■ **Problem**: The entire listing that follows must be repeated exactly, pictures excluded.

-------- Source material

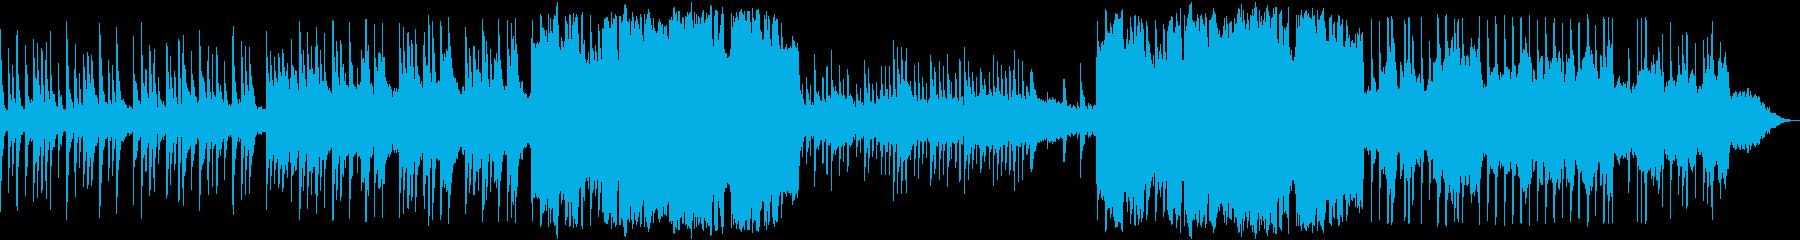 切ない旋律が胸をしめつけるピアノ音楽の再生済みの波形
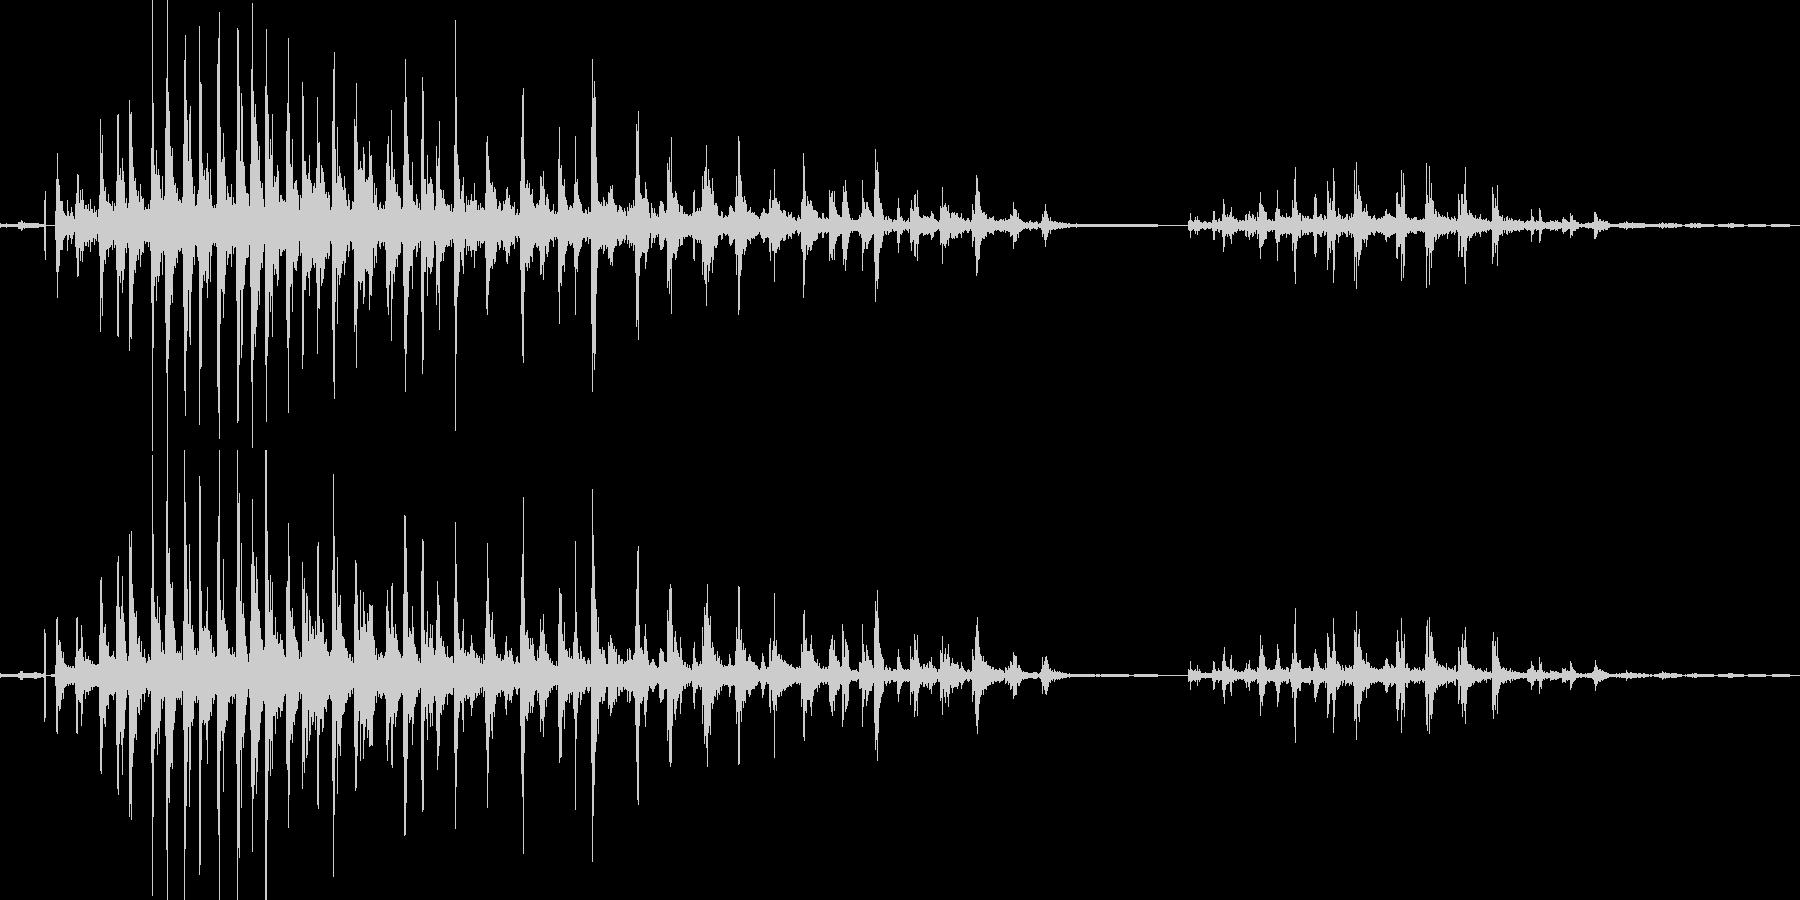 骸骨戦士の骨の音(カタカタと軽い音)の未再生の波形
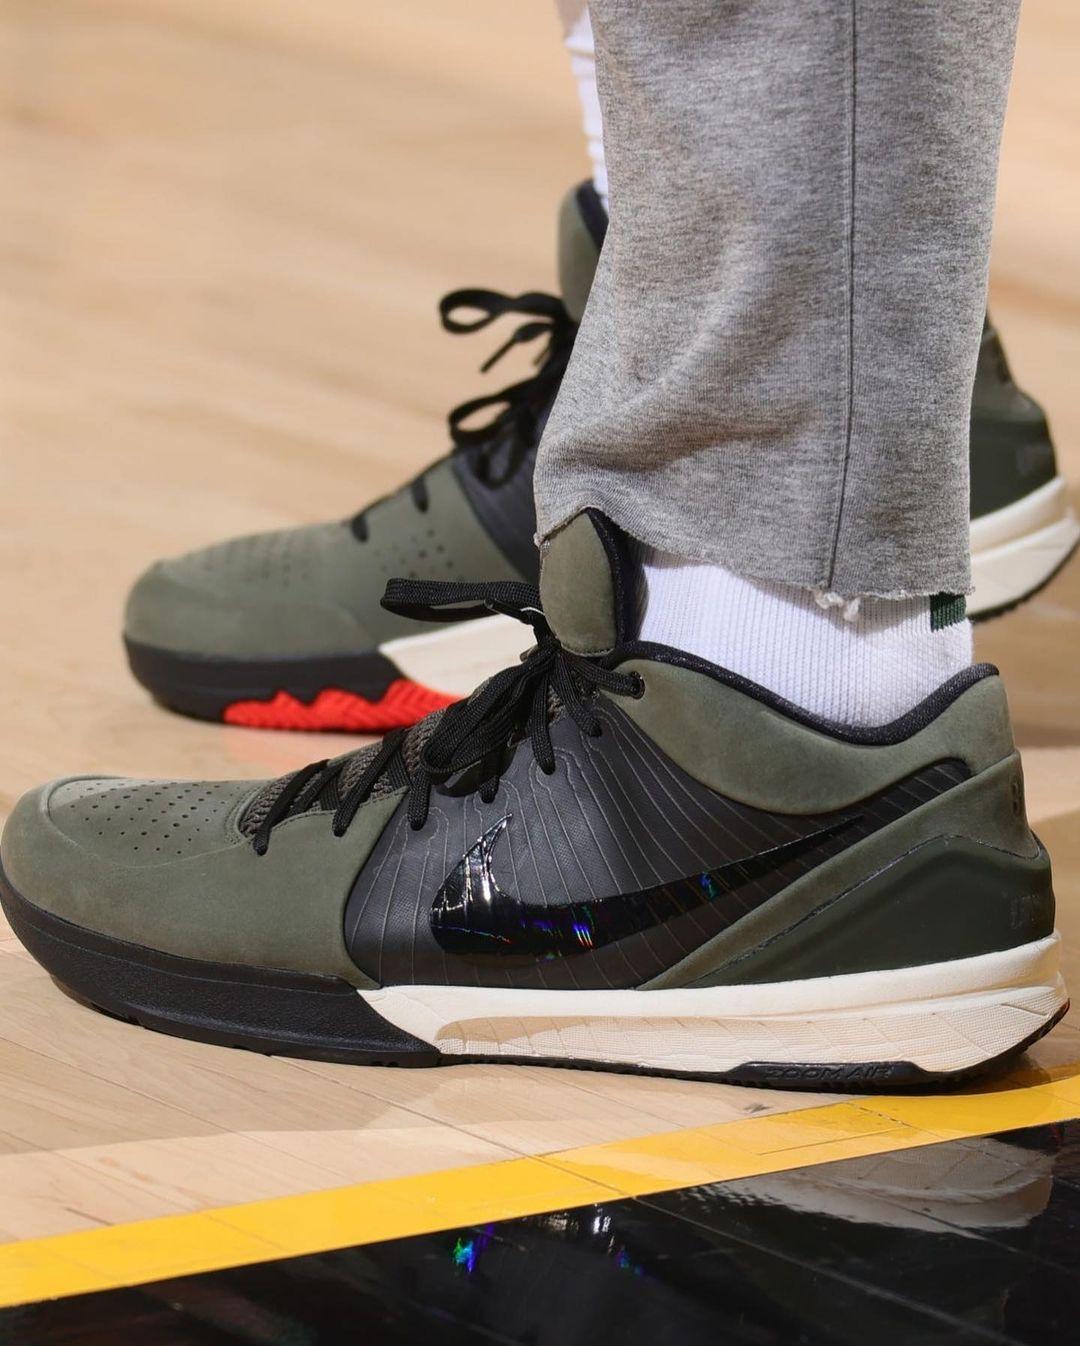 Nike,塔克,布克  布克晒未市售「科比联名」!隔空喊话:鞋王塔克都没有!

----------------

■ **Written answer**:
 切ない旋律が胸をしめつけるピアノ音楽の再生済みの波形
 骸骨戦士の骨の音(カタカタと軽い音)の未再生の波形
 Nike,塔克,布克  布克晒未市售「科比联名」!隔空喊话:鞋王塔克都没有!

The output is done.